Delusional Misidentification Syndromes
This page serves healthcare professionals and medical students, detailing various delusional misidentification syndromes, their symptoms, case studies, and treatment options.

Delusional Misidentification Syndromes
Delusional misidentification syndromes (DMS) are a group of rare but clinically significant neuropsychiatric disorders characterized by persistent, false beliefs about the identity or nature of people, places, or objects. Typically arising in the context of psychosis, neurodegenerative diseases, or other brain pathologies, DMS require nuanced diagnostic and management approaches suited for healthcare professionals.
Delusional Syndromes
Fregoli Syndrome
Overview
Fregoli syndrome is a rare condition wherein the patient holds a delusional belief that different people are actually a single person who changes appearance or is in disguise. This disorder can be profoundly disturbing and is often associated with paranoia, as the affected person may believe they are being persecuted by the “disguised” individual appearing in multiple forms.
Symptomatology
Common symptoms include:
- Delusional beliefs: Patients are convinced multiple individuals are a single, familiar person in disguise, regardless of clear evidence to the contrary.
- Paranoia and fear: Often linked to anxieties that the person is being stalked, harmed, or deceived.
- Hallucinations: Visual and auditory hallucinations may reinforce the central delusion.
- Cognitive deficits: Difficulties in self-monitoring, self-awareness, executive functions, and sometimes visual memory deficits are reported. Social withdrawal and significant emotional distress are also frequent.
Etiology and Pathogenesis
Fregoli syndrome is associated with underlying psychiatric conditions such as schizophrenia or mood disorders, as well as organic causes like neurodegenerative diseases, epilepsy, or traumatic brain injury. Structural and functional abnormalities in the right frontal lobe and gray matter degeneration are implicated in its pathogenesis, affecting systems responsible for familiarity and self-monitoring.
Treatment
Management of Fregoli syndrome is multidisciplinary. Mainstays include:
Long-term management: Ongoing psychiatric follow-up, psychoeducation, and lifestyle changes (diet, exercise, stress management) are recommended for optimal recovery and relapse prevention
Pharmacotherapy: Atypical antipsychotics (e.g., risperidone, olanzapine) are first-line, sometimes supplemented with anticonvulsants or antidepressants when indicated. Drug regimens are tailored to the patient’s symptoms and comorbid conditions, and close monitoring is essential given frequent treatment resistance.
Cognitive Behavioral Therapy (CBT): CBT focuses on challenging and restructuring delusional beliefs, improving coping skills, and reducing distressing symptoms.
Supportive psychotherapy and family therapy: These approaches foster social support, educate families, and help mitigate the emotional and social impacts of the syndrome.

Capgras Syndrome
Overview
Capgras syndrome is the most common form of DMS, characterized by the belief that a close associate (such as a spouse or parent) has been replaced by an identical-appearing impostor. Patients may exhibit profound suspicion and emotional detachment toward loved ones, frequently resulting in interpersonal conflict and secondary psychiatric morbidity.
Symptomatology
Symptoms typically include:
- Monothematic delusion: The delusional misidentification is limited to particular individuals, typically those emotionally significant to the patient.

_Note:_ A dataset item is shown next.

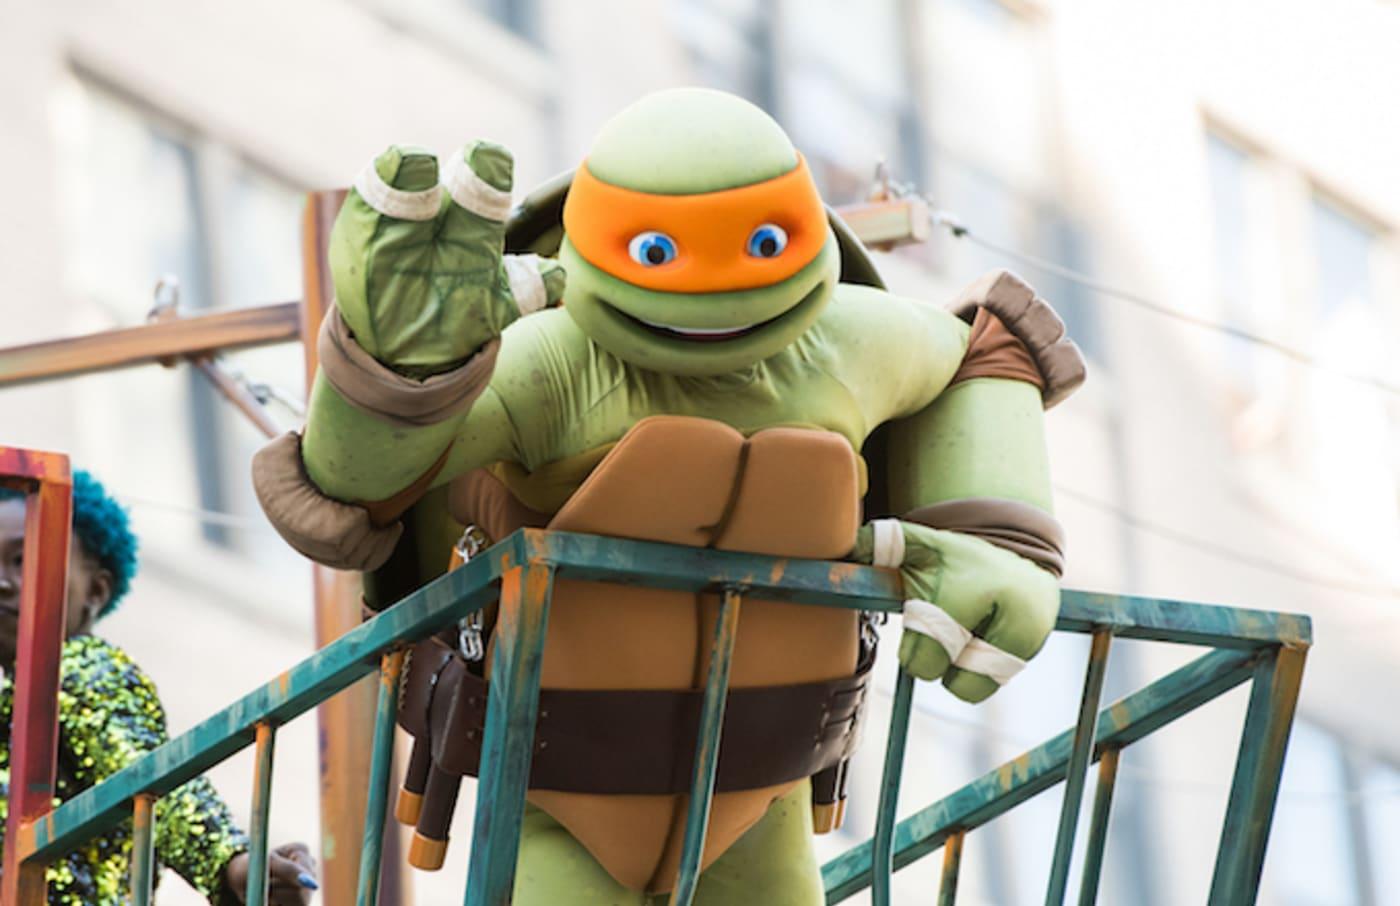 Michelangelo of Teenage Mutant Ninja Turtles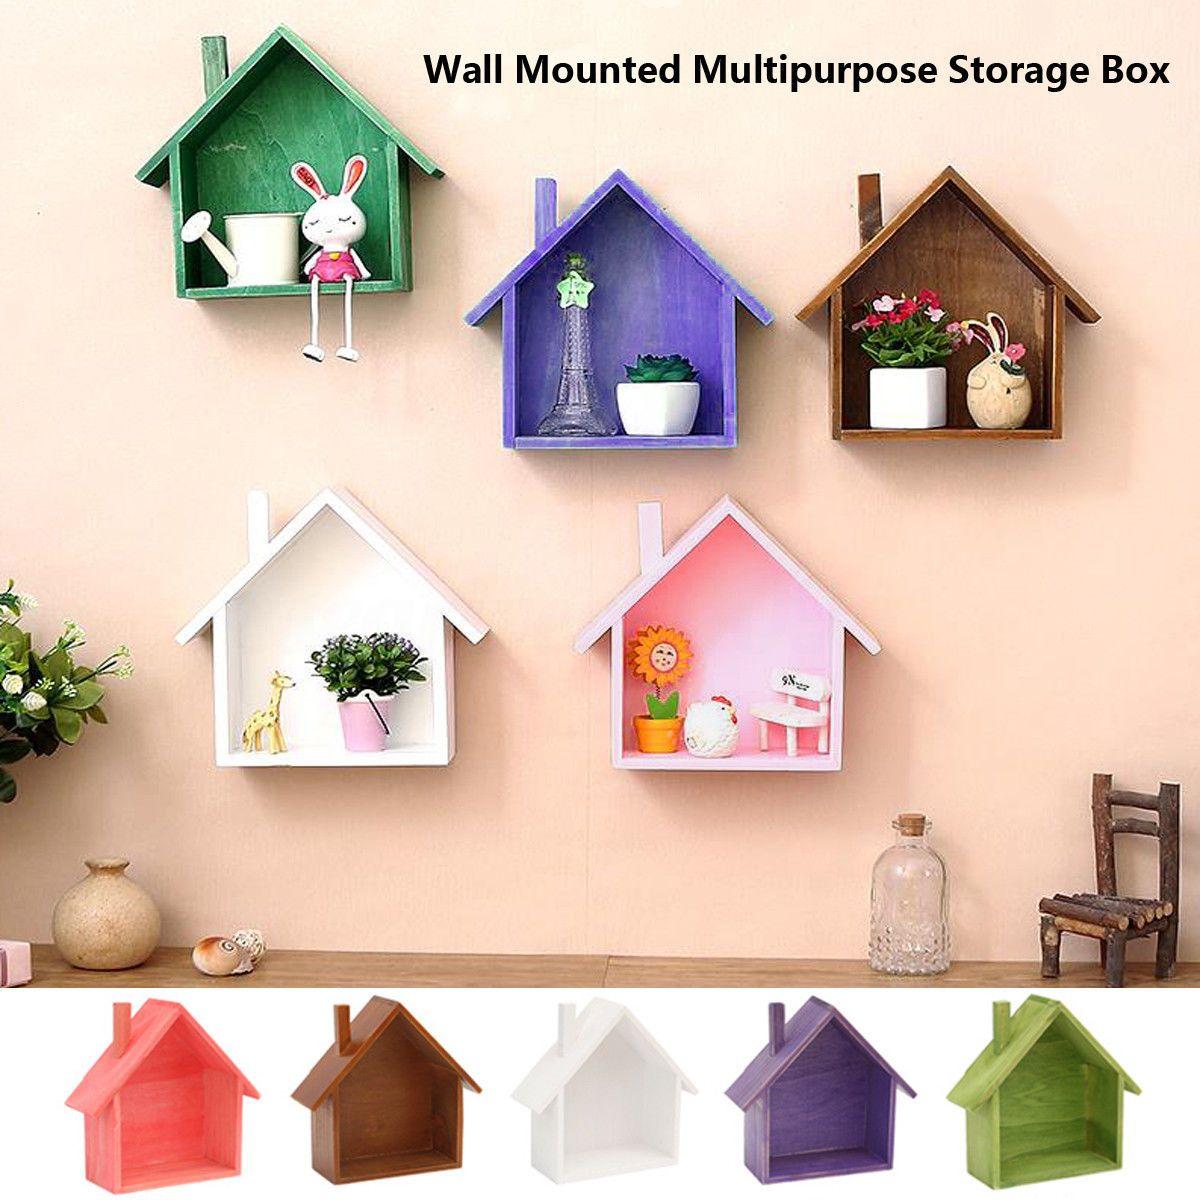 Etagere Support Murale Rangement Stockage Bois Maison Forme

- Impaired affective response: Patients recognize the familiar appearance, but feel the “imposter” lacks the genuine emotional resonance of their loved one.
- Associated psychosis: Often occurs alongside schizophrenia, dementia, or brain injury.
- Behavioral disturbances: Suspicion, hostility, and sometimes aggression toward the “imposter” are noted.
Etiology and Pathogenesis
Capgras syndrome may be precipitated by psychiatric illnesses (notably schizophrenia and mood disorders), neurodegenerative conditions (particularly Lewy body dementia and Alzheimer’s), and structural lesions affecting the right temporal and frontal lobes. Disruption of neural networks mediating face recognition and affective response is central to its pathogenesis.
Treatment
- Antipsychotic medications: Second-generation antipsychotics are most commonly prescribed.
- Managing underlying conditions: Addressing comorbid medical, psychiatric, or neurocognitive disorders is essential.
- CBT and supportive therapy: These address insight, social skills, and coping, building tolerance for psychological distress.
- Collateral support: Psychoeducation and safeguarding against self-harm or violence are crucial for patient and family well-being.